Given Airgain’s small‑scale, manufacturing‑oriented Communication Equipment business and recent margin improvement, executive pay is likely tied to a mix of short‑term financial and operational metrics (revenue, gross margin, operating loss or adjusted EBITDA) and longer‑term strategic goals (R&D milestones, product launches, channel expansion). The company’s limited cash balance and use of option exercises and an ESPP suggest a heavier reliance on equity‑based compensation (stock options/awards) to conserve cash and align management with shareholder value. One‑time items such as the $2.0M employee retention credit and timing of ERC refunds can materially affect reported net income and therefore should be considered when assessing bonus payouts that reference GAAP earnings. As management signals renewed investment in engineering and sales, compensation plans may shift toward multi‑year incentives tied to bookings, product commercialization, and geographic growth rather than strictly annual profitability.

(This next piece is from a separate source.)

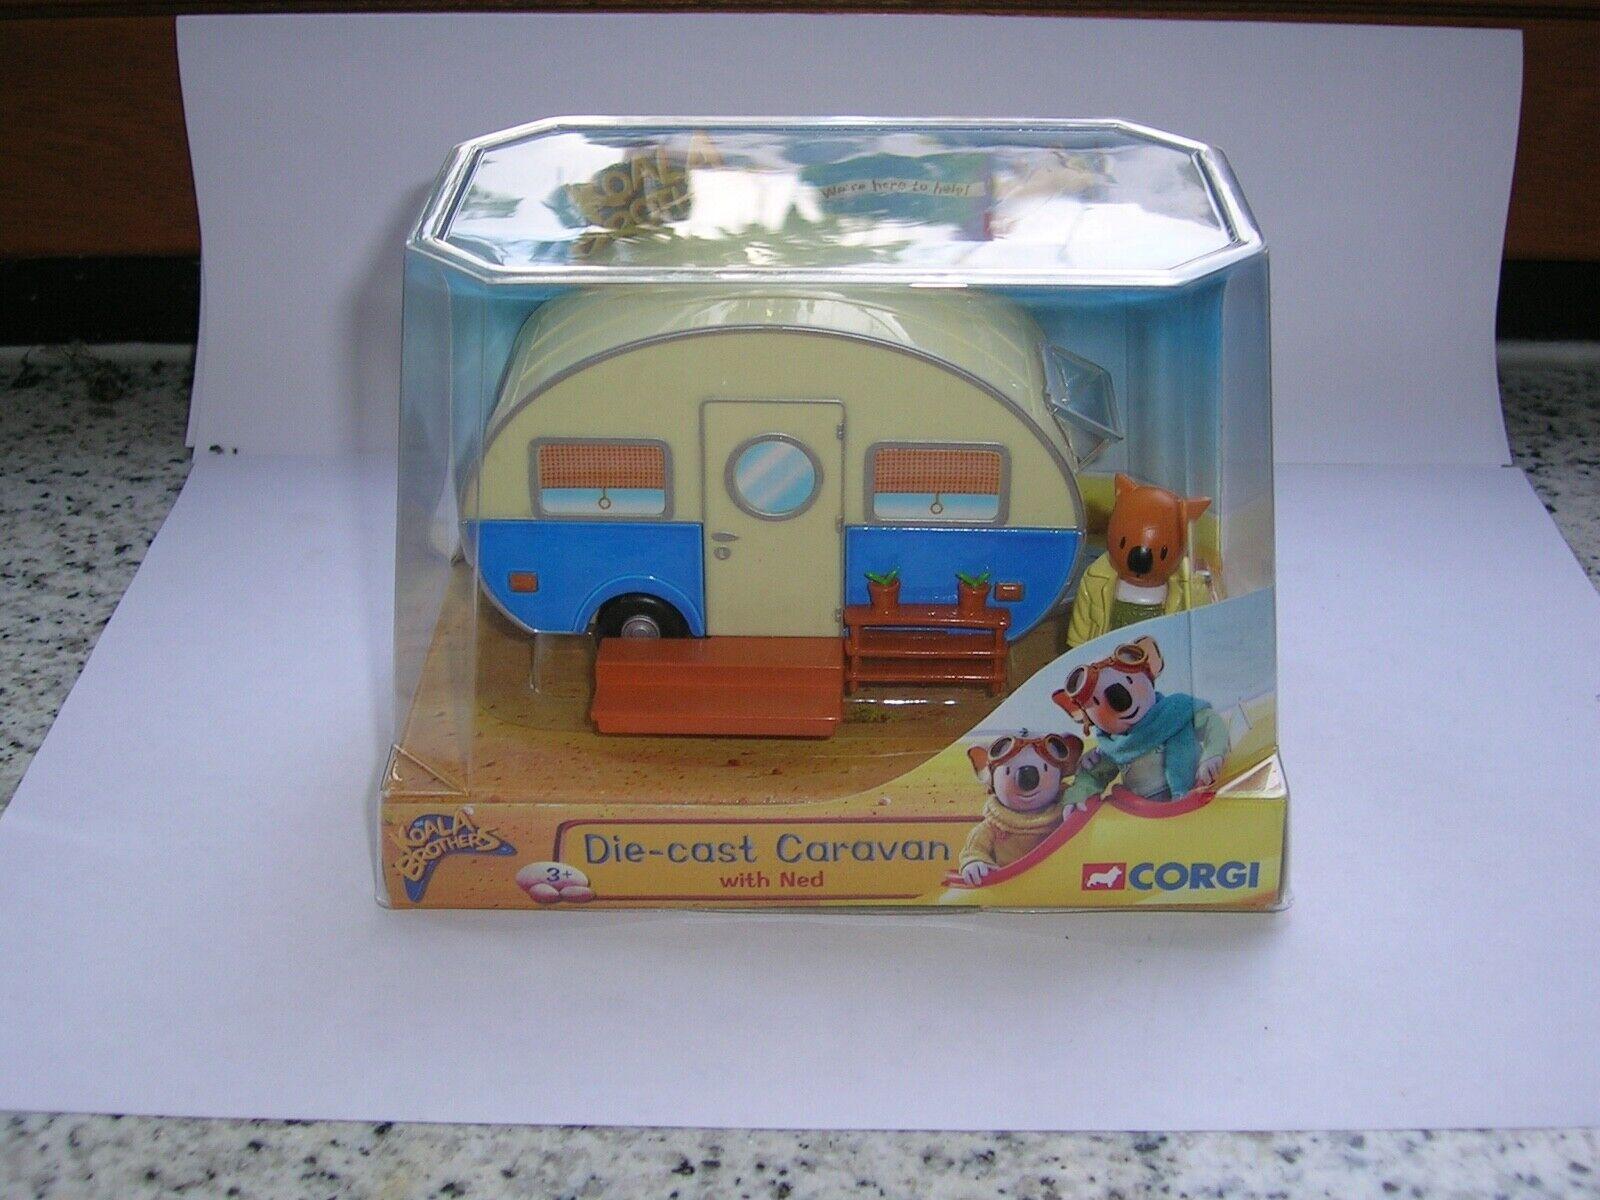 Corgi Toys Koala Brothers Die-Cast Caravan-new,OSS,FREE INTL.SHIPPING
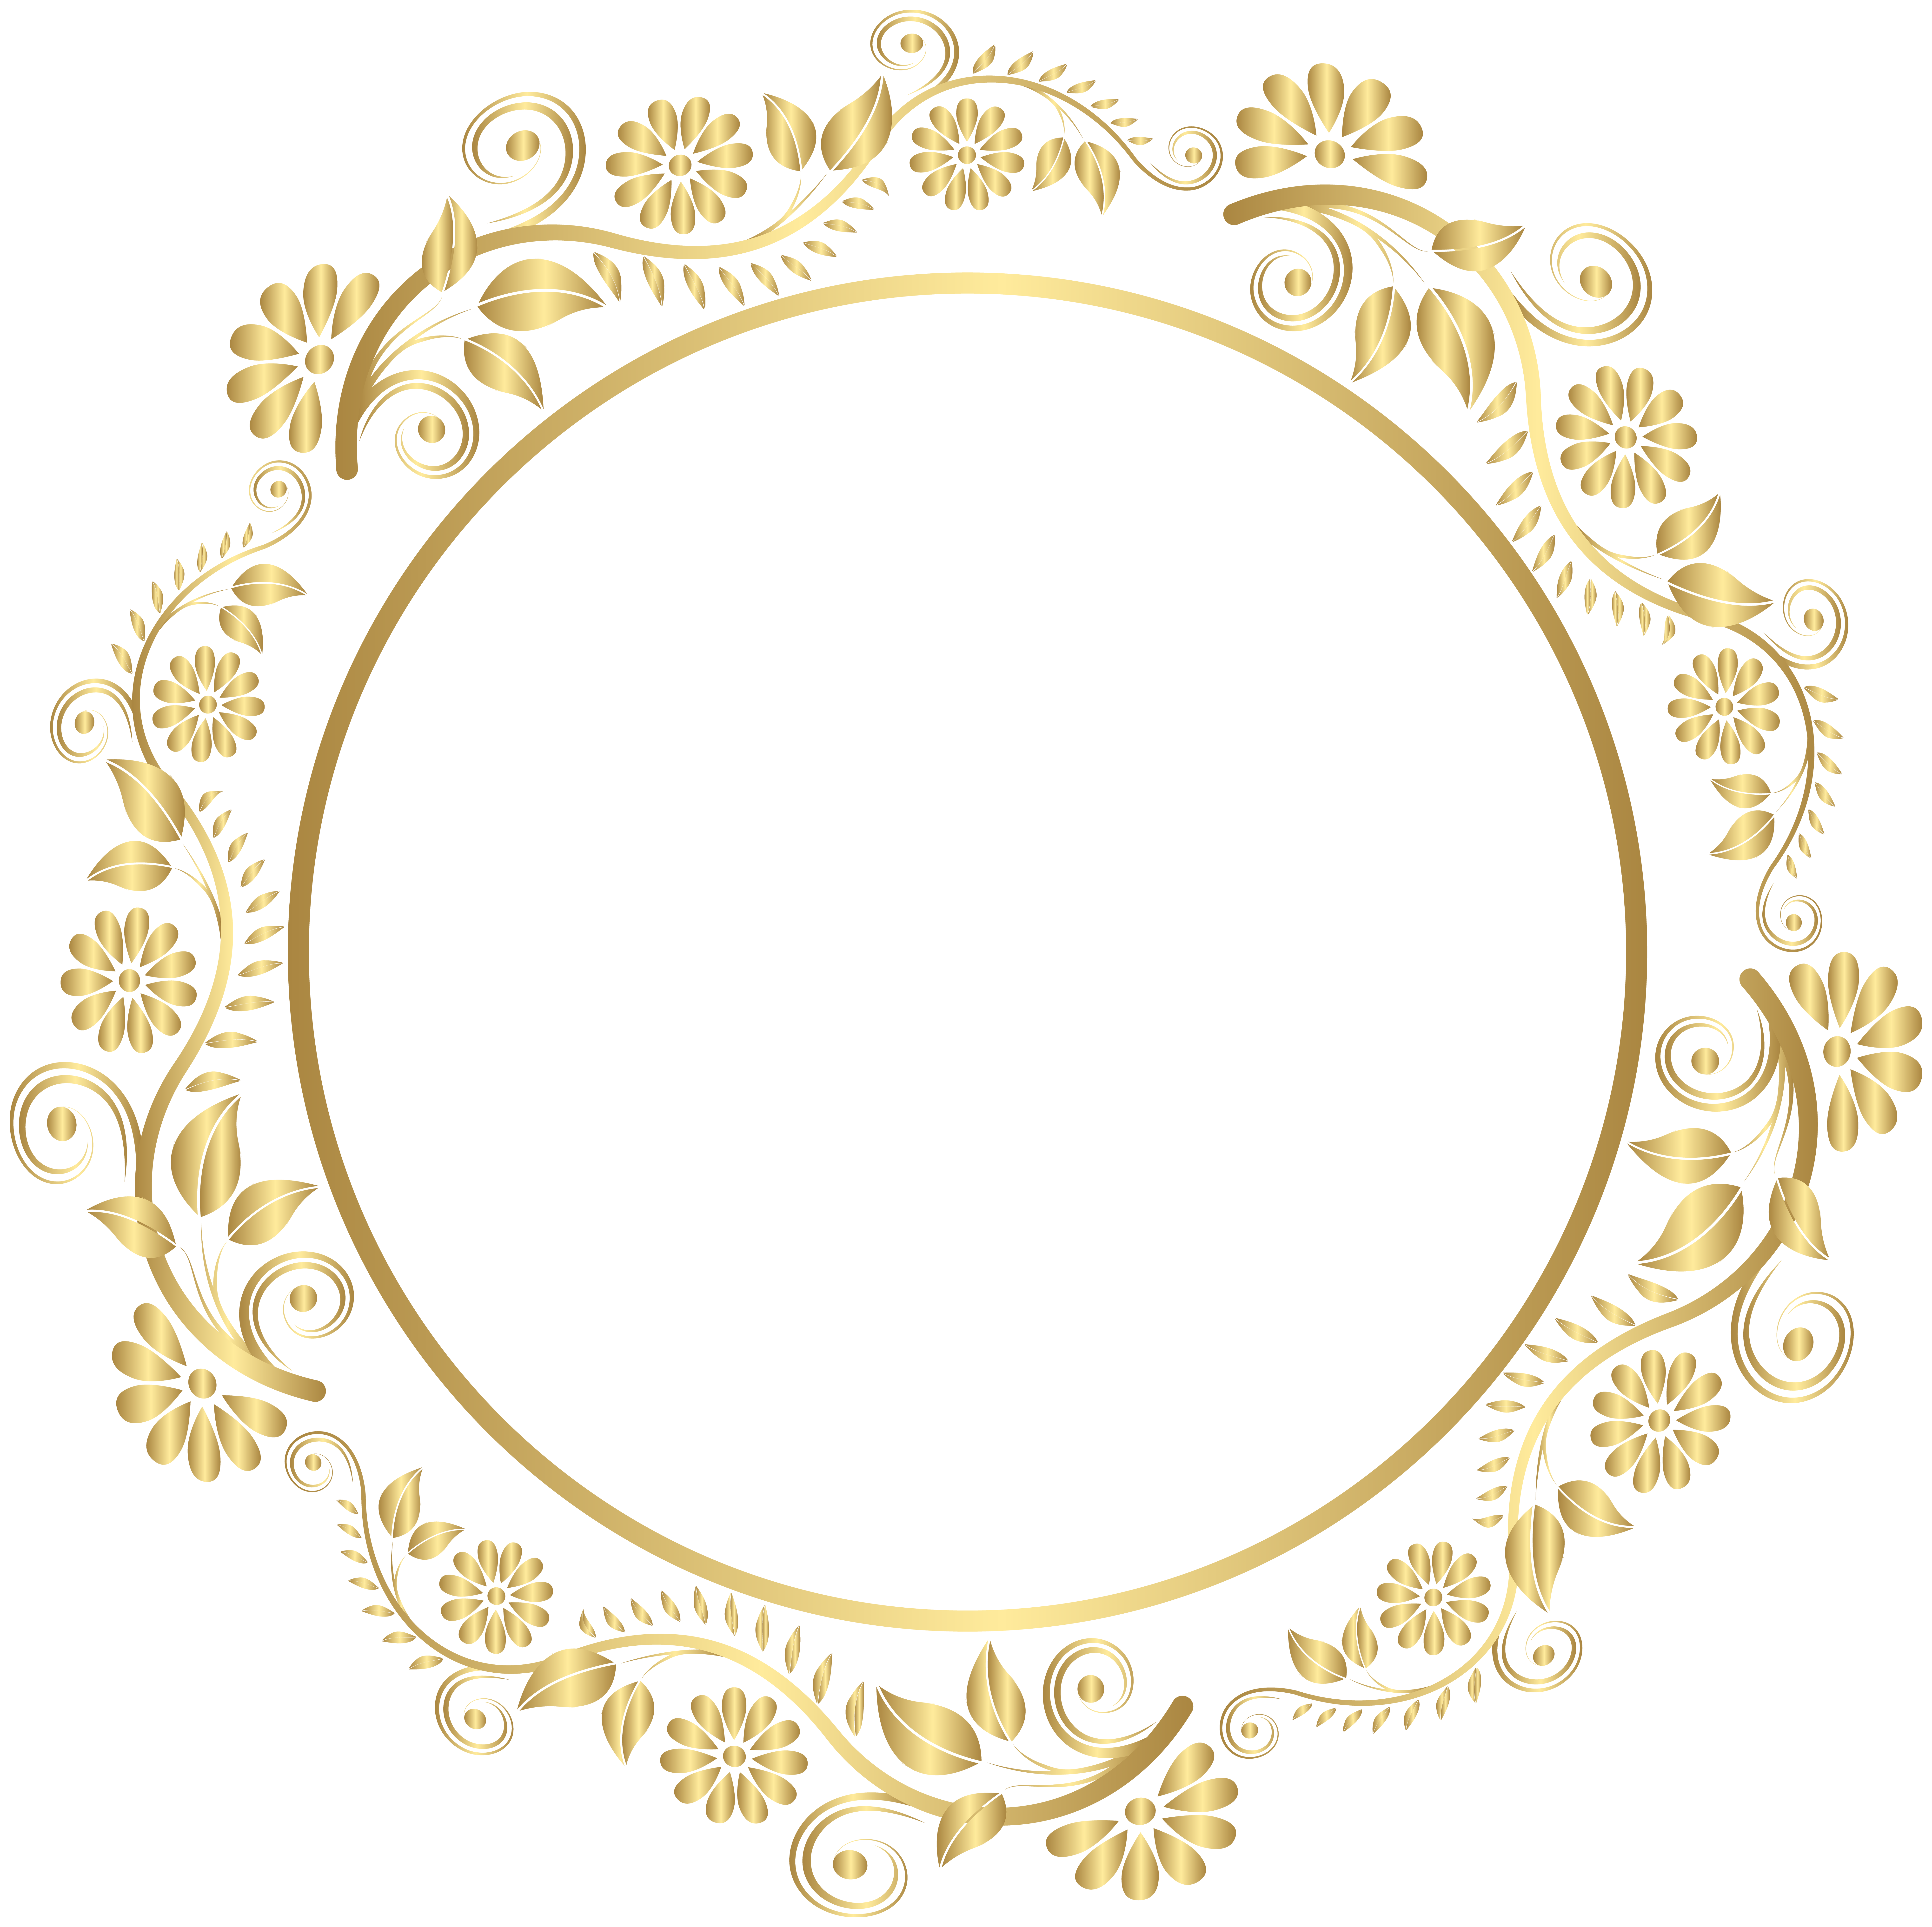 8019x8000 Round Gold Border Frame Deco Png Clip Artu200b Gallery Yopriceville

Airgain’s modest liquidity and small public float increase the likelihood that insiders will occasionally exercise options or sell shares for personal liquidity needs; the filing already notes option exercises and ESPP activity. The existence of a $5.0M ATM (unused YTD) provides a mechanism for dilution that can coincide with equity compensation programs—watch for coordinated insider sales or company equity raises. Because performance can be distorted by non‑recurring items (ERC refund) and by seasonal or channel inventory swings (notably elevated automotive inventory), insiders may time trades around clearer signals of operational recovery (consumer shipments) or after earnings that show durable margin improvement. Standard regulatory constraints apply (Section 16 reporting, blackout periods, and common use of Rule 10b5‑1 plans); given exposure to tariffs and export controls in the Radio & TV Broadcasting & Communications Equipment space, material trade or supply announcements could prompt clustered insider filings and should be monitored closely.